Author Philip Yancey believes Christians are “the Jesus left behind” in a world in which people respond to the gospel when it is shared through “acts of mercy”. Read interview and watch video.

Joel Forster

17 OCTOBER 2016 · 11:50 CET

Philip Yancey during the interview in Madrid. / Photo: Jordi Pallejà,philip yancey, interview, 2016
Philip Yancey during the interview in Madrid. / Photo: Jordi Pallejà

Philip Yancey believes Christians need to be aware that they are the representatives of Jesus in a world that needs to see the church in action.

Author Philip Yancey said “Christians should look radically different from the world around them” in an excerpt of the interview Evangelical Focus published three weeks ago.

The first part of the interview - in which the Christian author expressed his views about Presidential candidate Donald Trump - went viral on internet and was quoted and republished by dozens of media outlets.

In the second part of the interview, Yancey talks about the role of Christians in secularised societies. Watch video and read transcript:

Question. You define the church as the ‘the people Jesus left behind’. What does that mean?

Answer. Well, if you are in the Old Testament, and you ask the question ‘what is God like?’ probably a young Jewish person would say, ‘God is scary, God is like Mount Sinai, smoking and thundering, like a volcano… scary!’ If you ask one of Jesus’ disciples what is God like, they would say, ‘well, I know this may be hard to believe but God is like this person over here, God is like Jesus. He told us he came from the Father to show us what the father is like’.

But Jesus did not stay very long. He worked, as far as we know for maybe three years and then he left! And he actually said, ‘it is for your good that I am going away because now I am turning the mission over to you’. For the world to understand what is God like now, the church is the answer to that.

So, the Apostle Paul, as he reflected, he used the phrase “we are the body of Christ” more than 30 times.
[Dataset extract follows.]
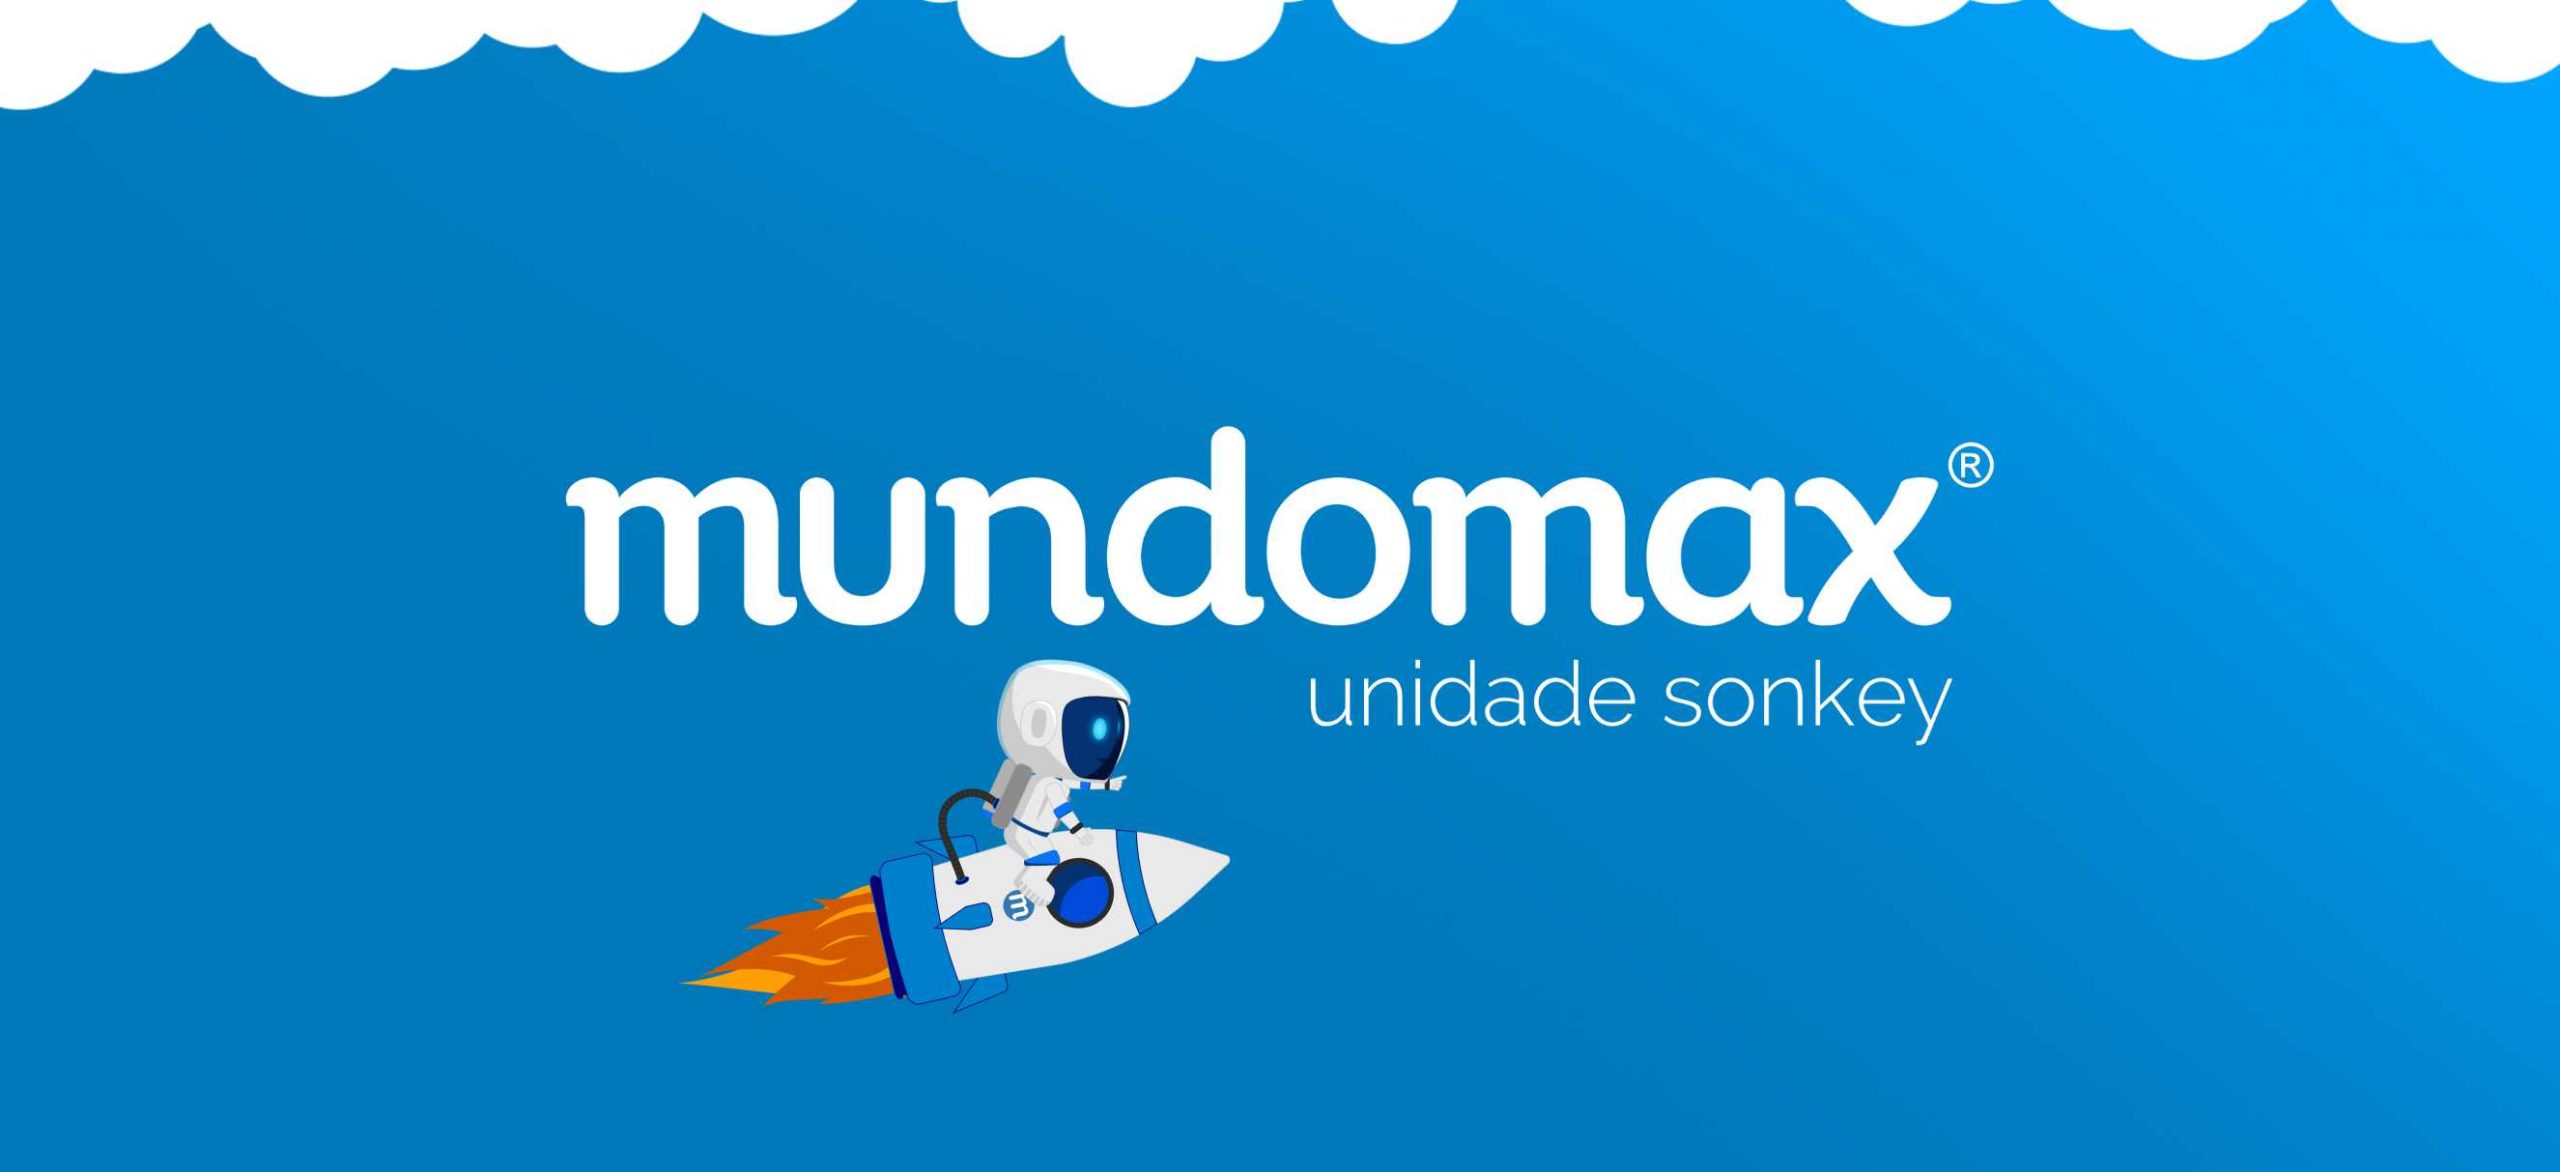 Mundomax Unidade Sonkey: a união que transformará as suas compras

Think about that. We are the body presence of God in the world. God used to be present in his son Jesus, but Jesus left. And he said ‘It is actually good that I am going away, because I am leaving you behind. And I am giving you the mission of informing the world and showing the world what God is like, and sharing the good news of the gospel’.

So, that’s not the way the phrase “left behind” is usually used, because there are some books with that title, but for me, the church is the ‘Jesus left behind’. Because the only way the world would know what Jesus is like, what God is like, is through the church, the ‘Jesus left behind’.

 

A moment of the Philp Yancey's interview with Evangelical Focus. / Jordi Pallejà

Q. You have been interviewed in all kind of media. In a secular context, people could ask you questions like: ‘What good has the church done for society?’ and ‘Where is God?’ How do you answer?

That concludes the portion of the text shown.